▶ _GIVEN DATA_:
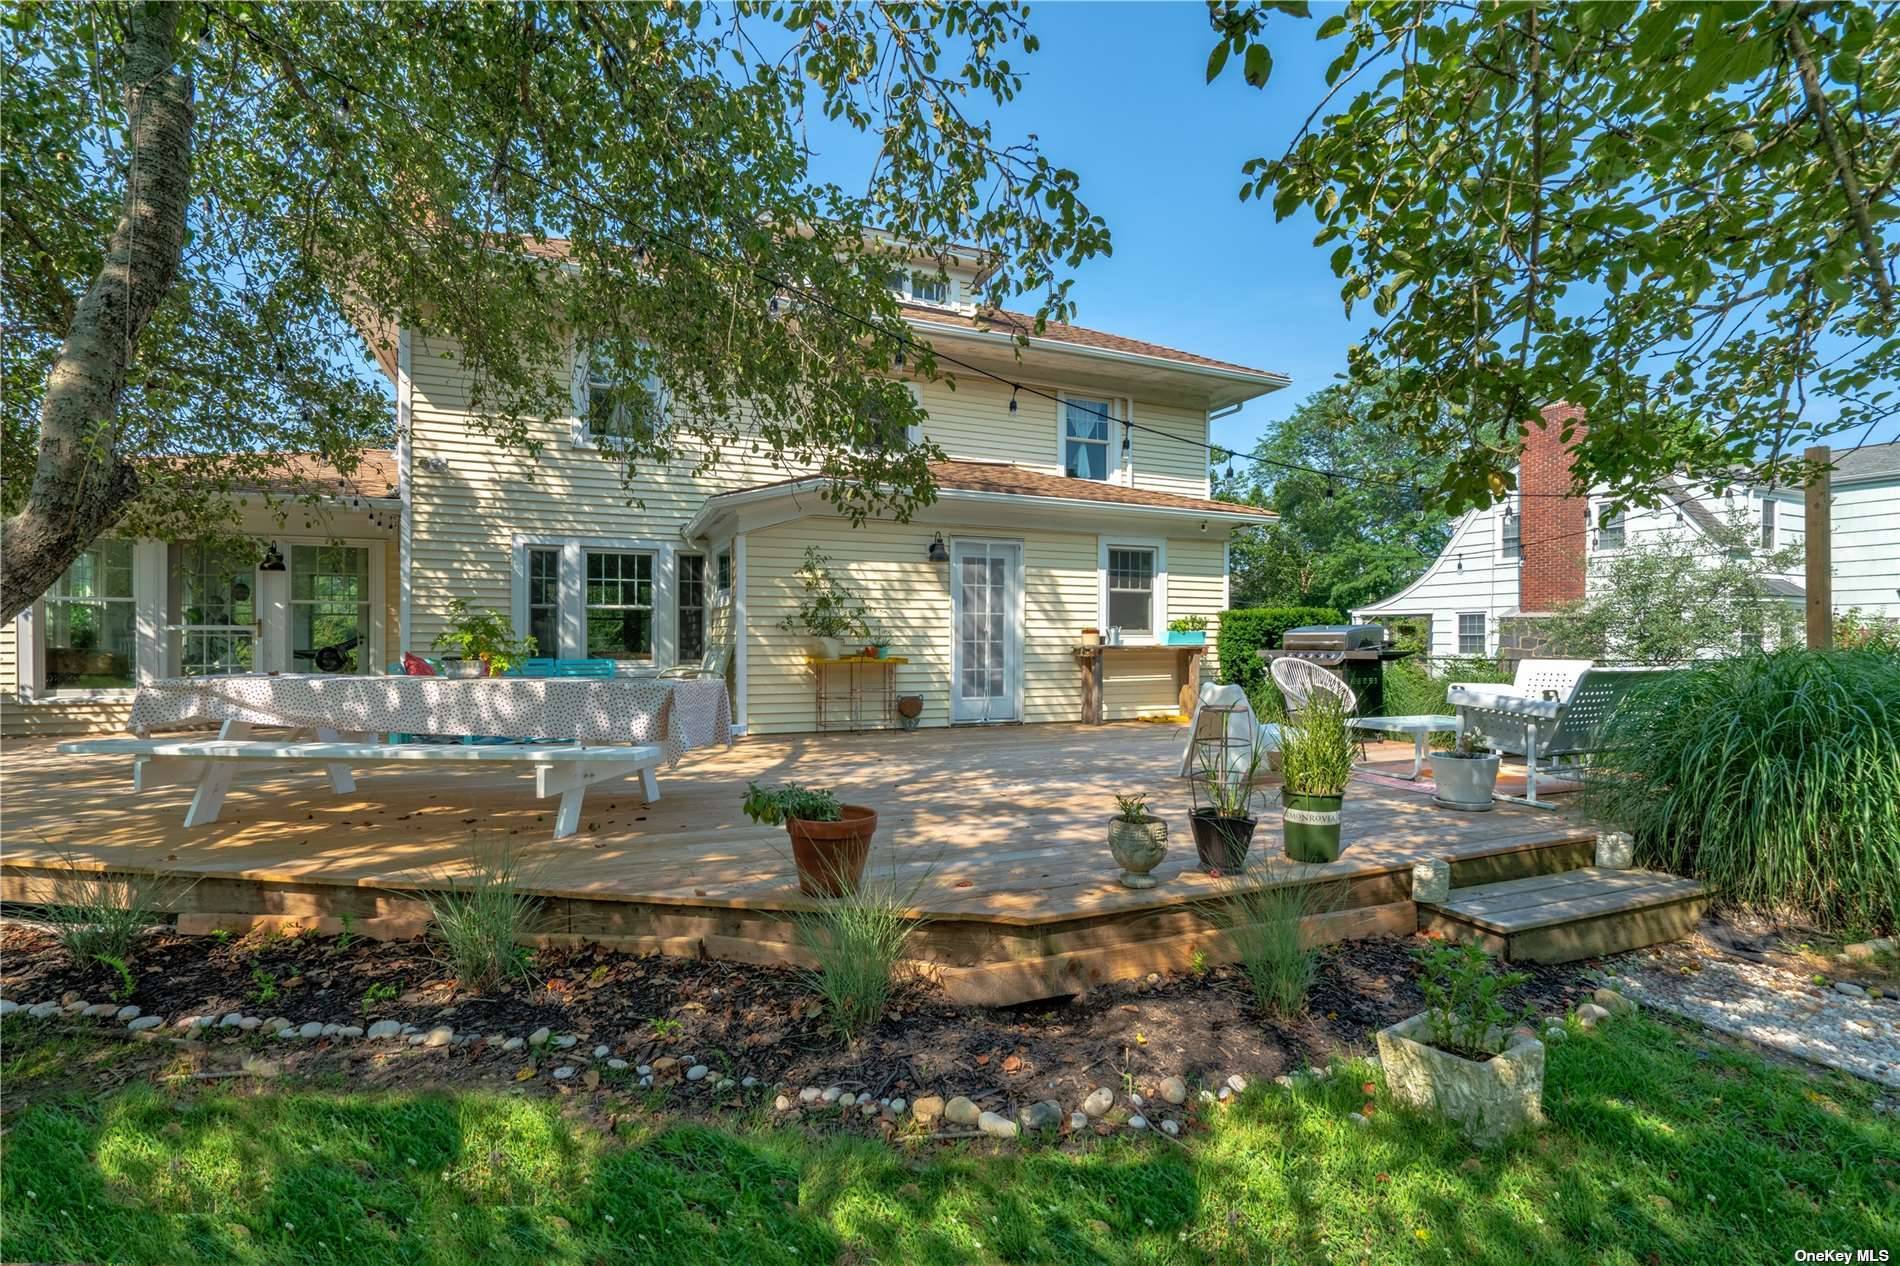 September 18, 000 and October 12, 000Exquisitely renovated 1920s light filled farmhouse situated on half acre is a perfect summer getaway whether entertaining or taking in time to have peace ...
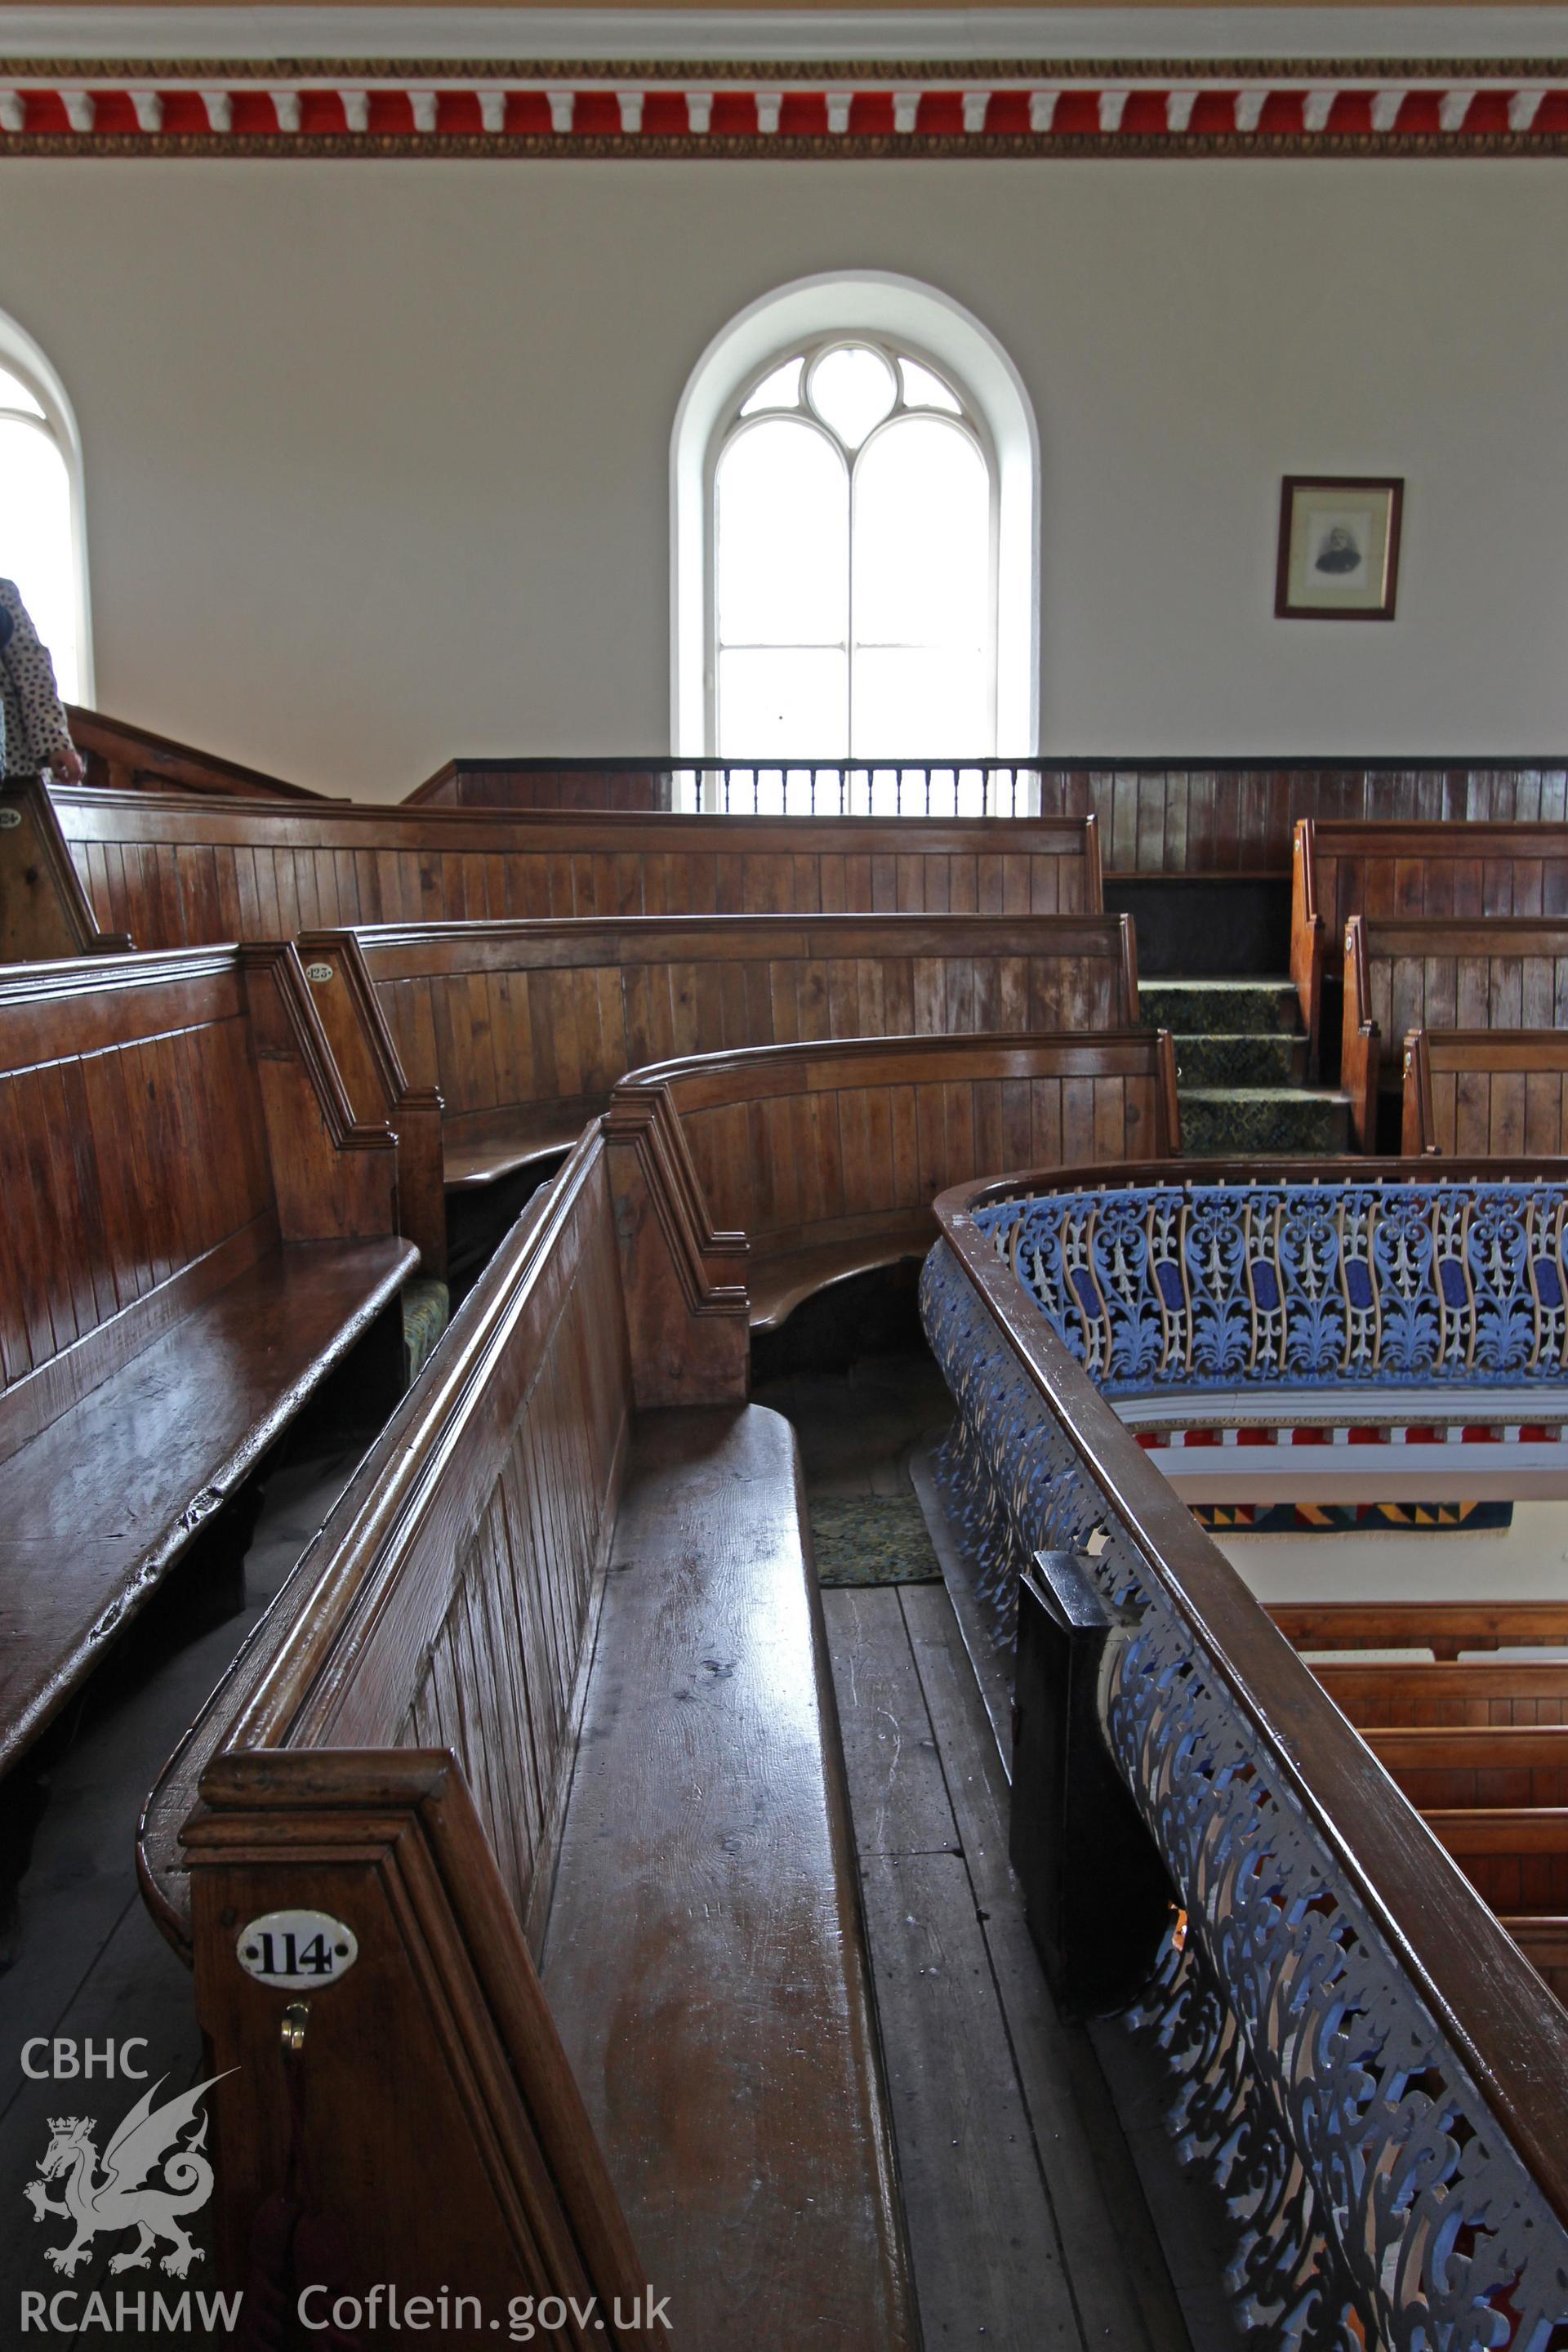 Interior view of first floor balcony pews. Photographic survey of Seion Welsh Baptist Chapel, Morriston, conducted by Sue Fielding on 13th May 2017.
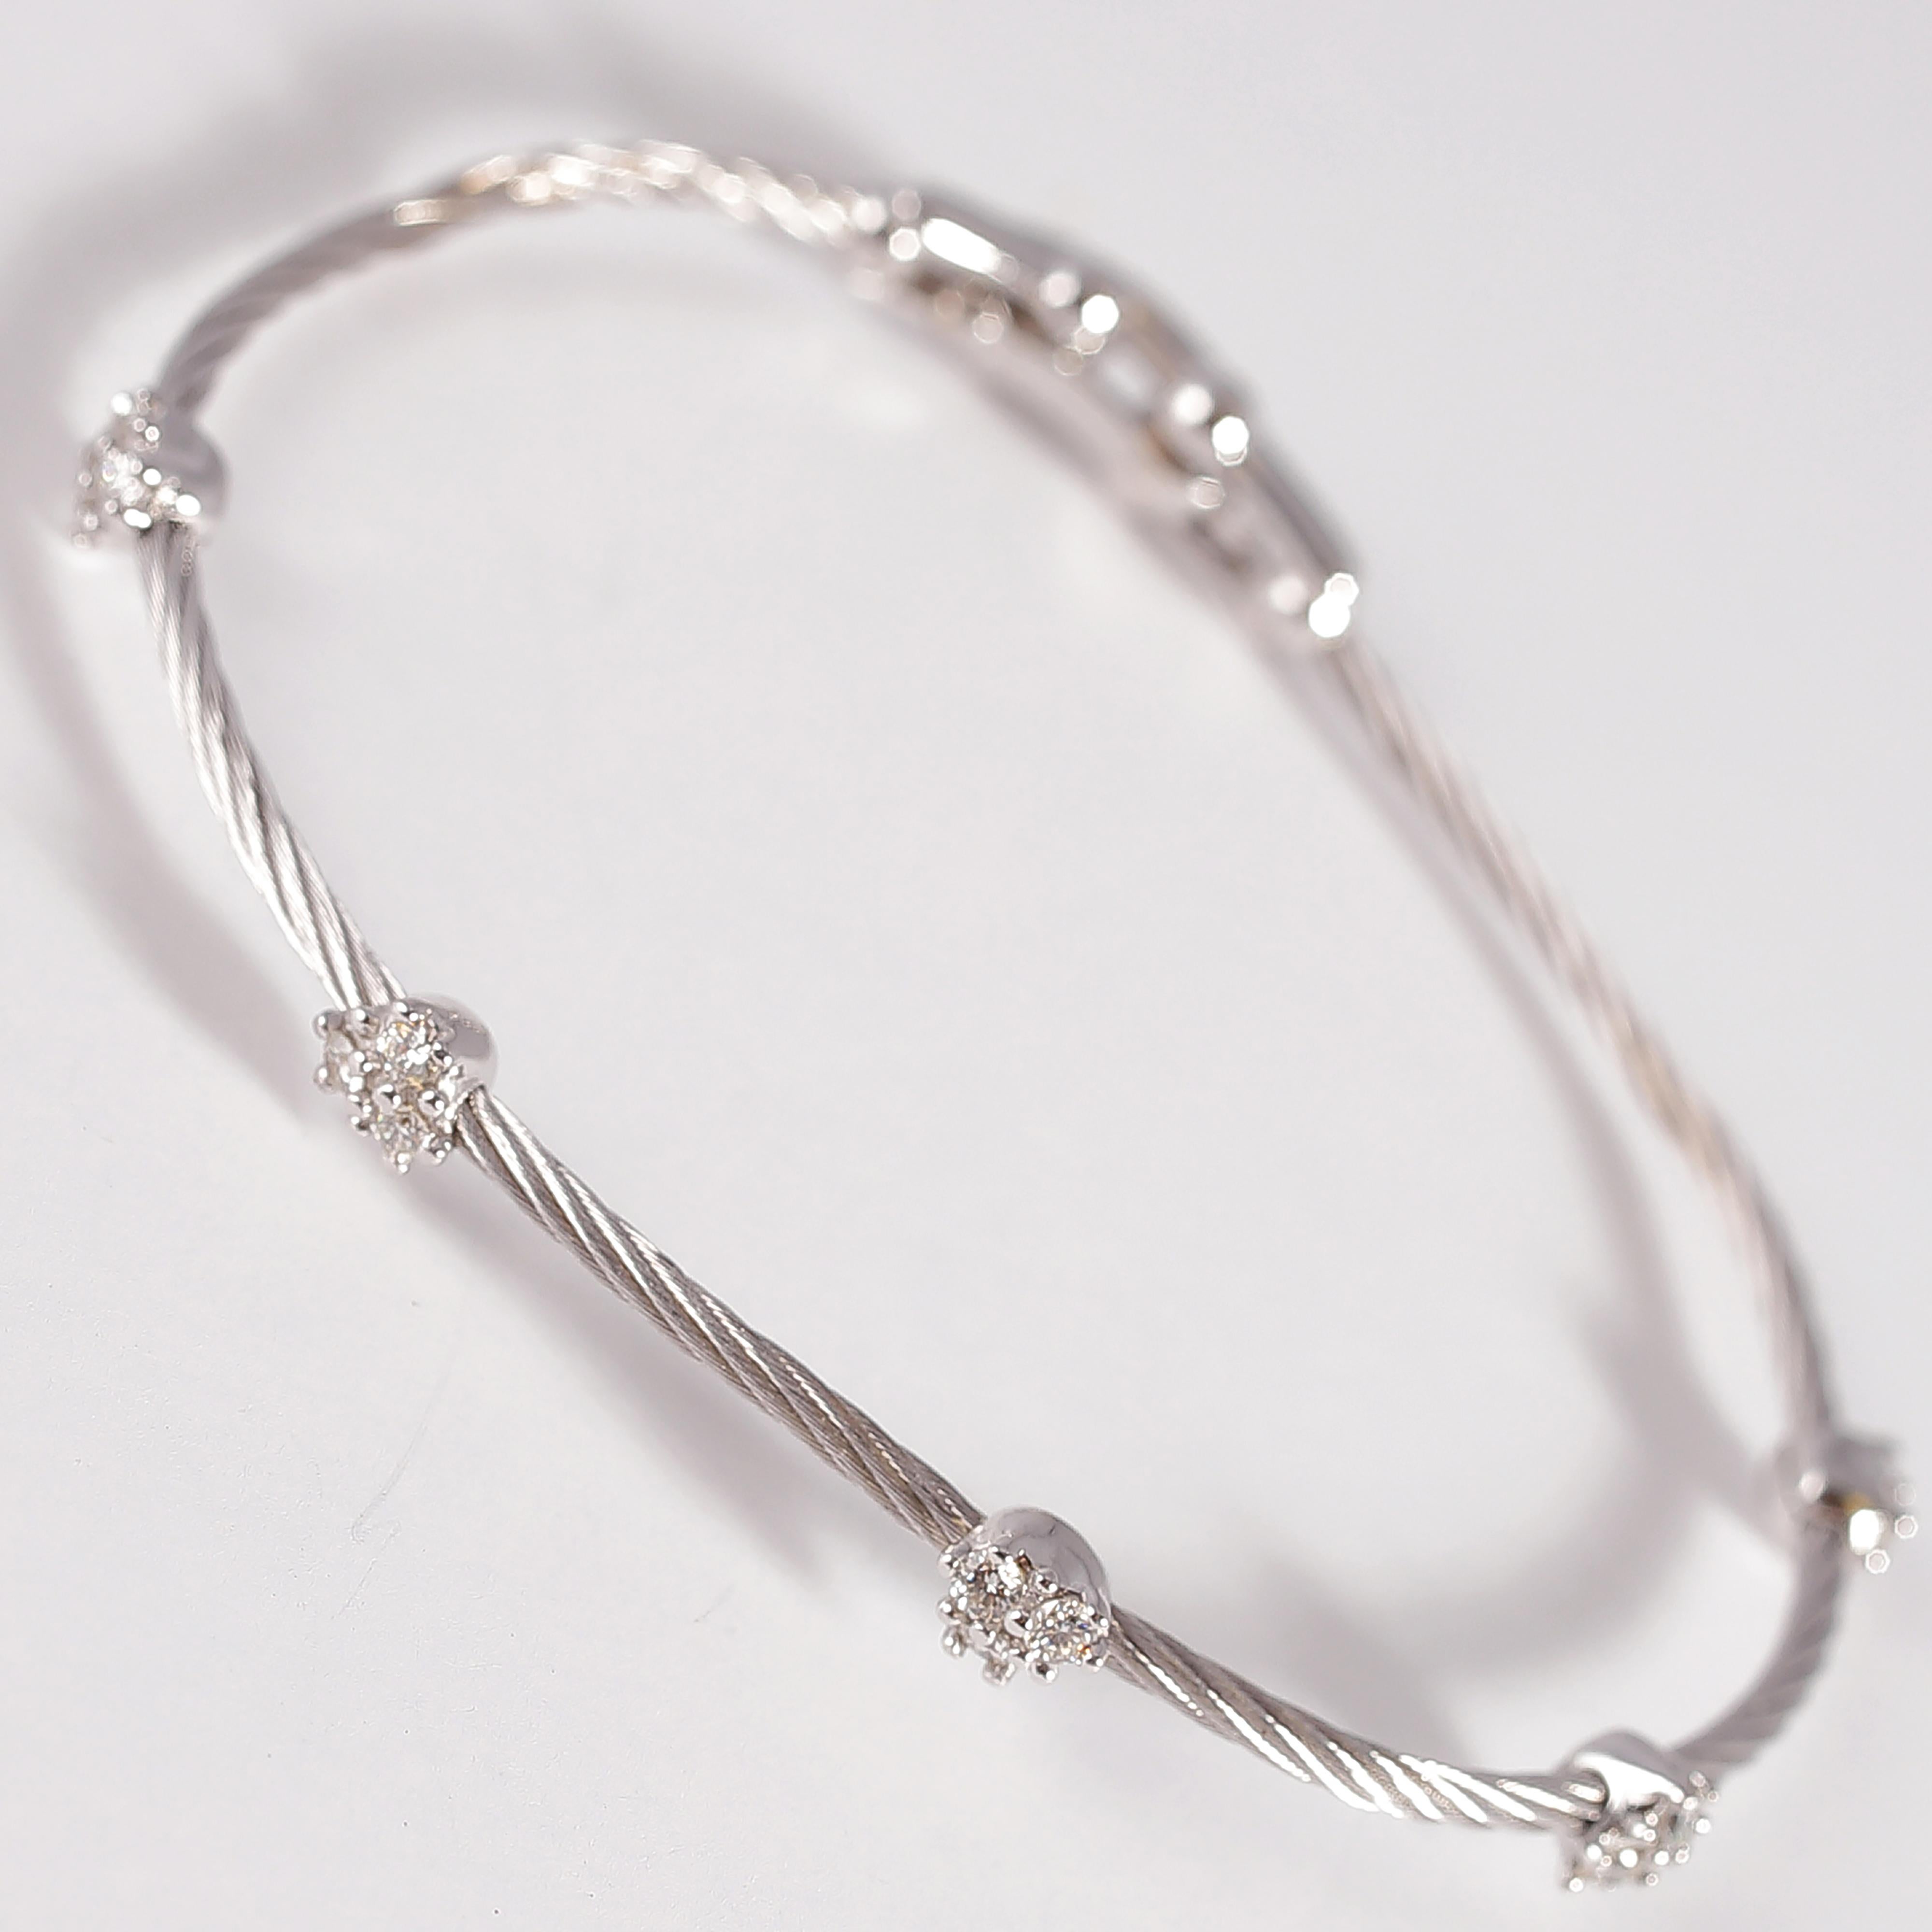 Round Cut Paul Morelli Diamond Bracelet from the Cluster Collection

▶ _TASK TO CARRY OUT_: All of the material above should be written out exactly as given, minus any images.

▶ _RESPONSE_:
 September 18, 000 and October 12, 000Exquisitely renovated 1920s light filled farmhouse situated on half acre is a perfect summer getaway whether entertaining or taking in time to have peace ...
 Interior view of first floor balcony pews. Photographic survey of Seion Welsh Baptist Chapel, Morriston, conducted by Sue Fielding on 13th May 2017.
 Round Cut Paul Morelli Diamond Bracelet from the Cluster Collection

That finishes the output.